Reflexiones Apátridas

Por Vonne Lara

 

Nosotros somos lo marranos,

Nos divertimos como hermanos

Nosotros somos los cochinos,

Proliferamos como chinos.

“Nosotros somos lo marranos”, El Personal

Hasta hace unos meses en ocasiones me llamaba la atención la presencia de los botes de gel antibacterial en casi todos los lugares públicos, como escuelas, oficinas, museos, incluso en muchos puestos de tacos. Me recordaban la emergencia sanitaria de 2009 y como muchas de nuestras costumbres cambiaron desde entonces. Así como los días en los que fui al trabajo con cubrebocas y el miedo que sentía de que mi hija se enfermara. Aunque tengo esos recuerdos, en realidad hay muchas cosas que se me escapan, con seguridad porque en aquel entonces estaba pasando una etapa personal muy complicada: me había separado de mi esposo y recién me había mudado a una casa nueva con la mitad de mis pertenencias y de mi corazón.

En plena contingencia por la nueva pandemia muchos recurren a lo que sucedió aquella vez, recuerdan los días que no fueron a trabajar, lo que hicieron durante su confinamiento, y un montón de testimonios de los que carezco. Para mí esa época fue tan gris que no recuerdo más que una sensación de vacío, un cubrebocas y el miedo por mi hija. Ah, y que mi jefe de entonces era un cacique y no nos dio ni un solo día para trabajar en casa.

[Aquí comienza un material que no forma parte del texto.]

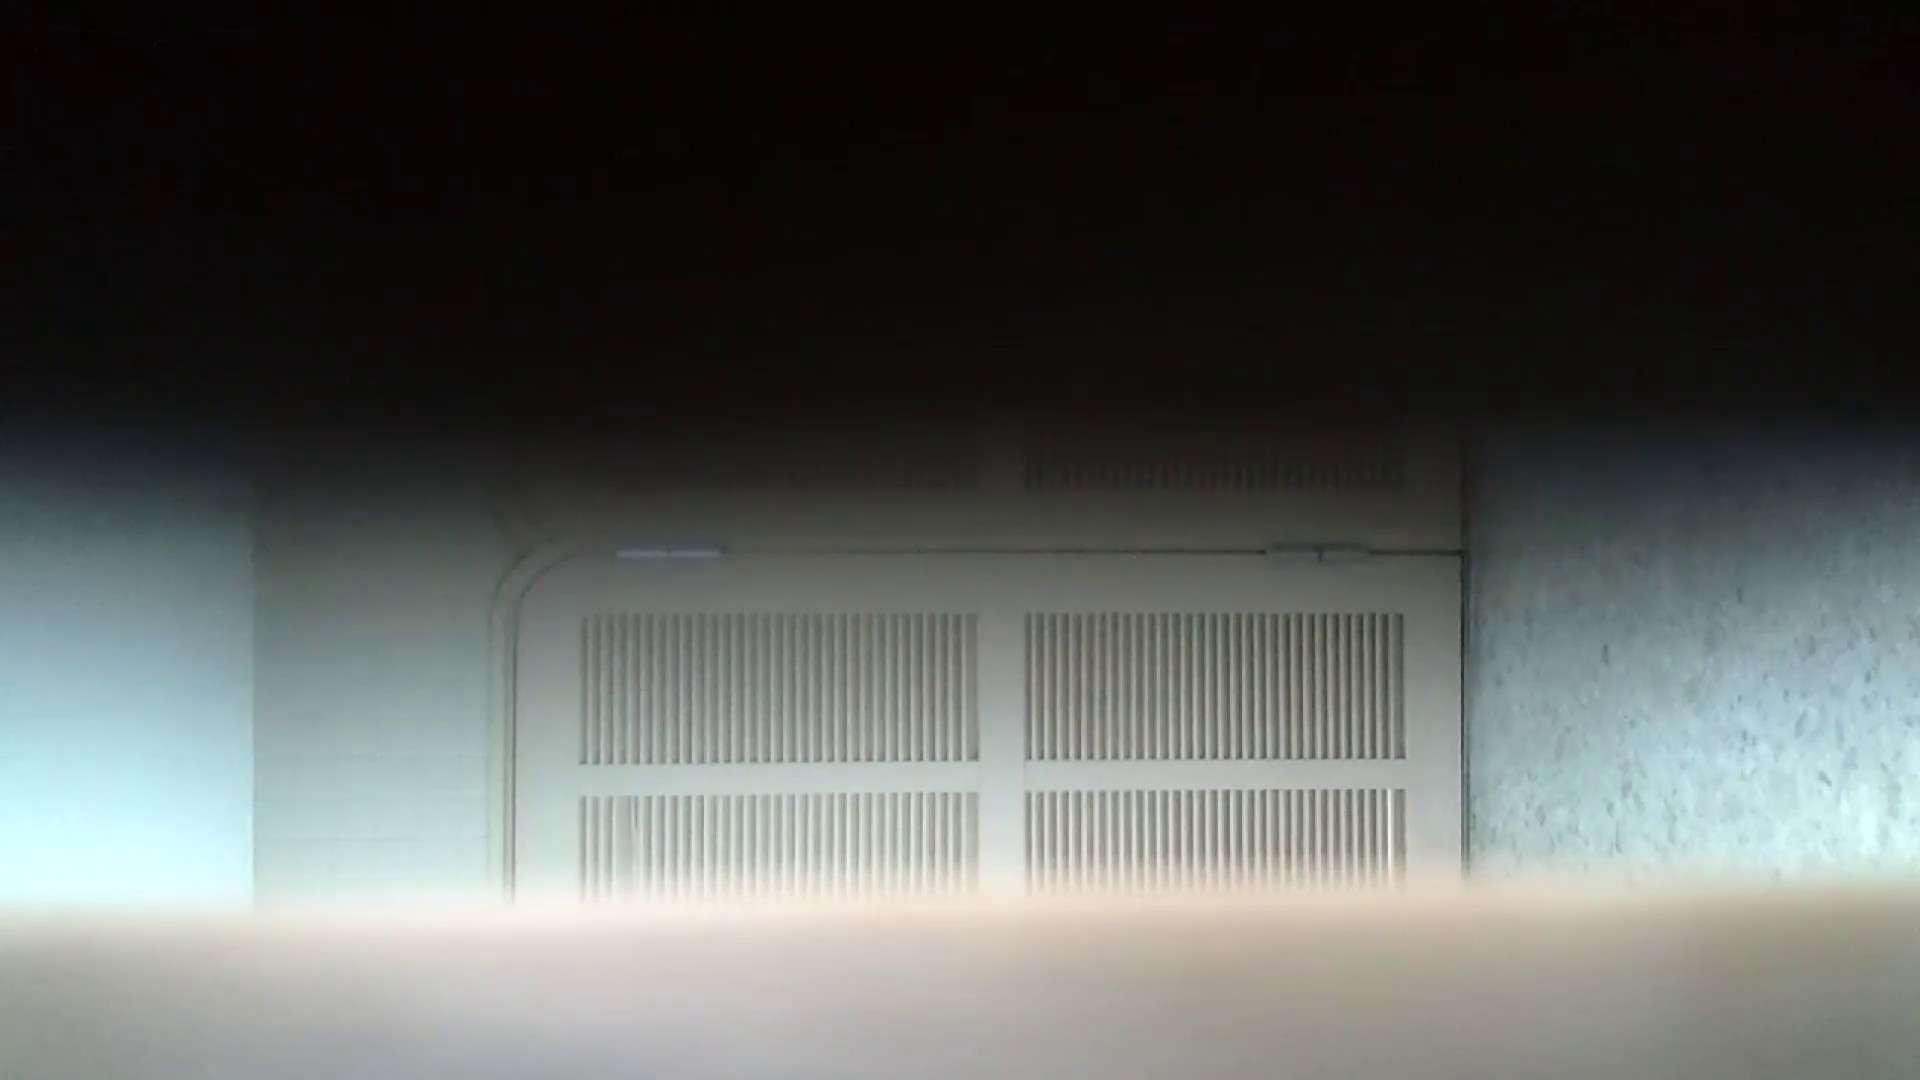 トイレ盗撮|化粧室絵巻 番外編 VOL.16|怪盗ジョーカー

Por eso a veces me detenía a observar los botes de gel antibacterial, como reminiscencia de una emergencia sanitaria que muchos afortunados logramos superar —y mi corazón también. Los veía y me parecían objetos tristísimos, incluso sucios. Las cosas públicas siempre tienen un halo de suciedad, un “uy, qué asco” que nos hace levantar los meñiques aunque igual abonamos a ese estado con nuestro paso, con nuestras bacterias, con nuestros hábitos solo pulcros para nosotros. Porque, claro, todos lo sabemos bien: los demás son los cochinos. Todos presumimos de recoger nuestra basura cuando vamos a la playa o al bosque, de jalar la palanca en baños públicos, o de bañarnos todos los días. Y lo decimos con tal superioridad como si, en primer lugar, la higiene fuera una virtud.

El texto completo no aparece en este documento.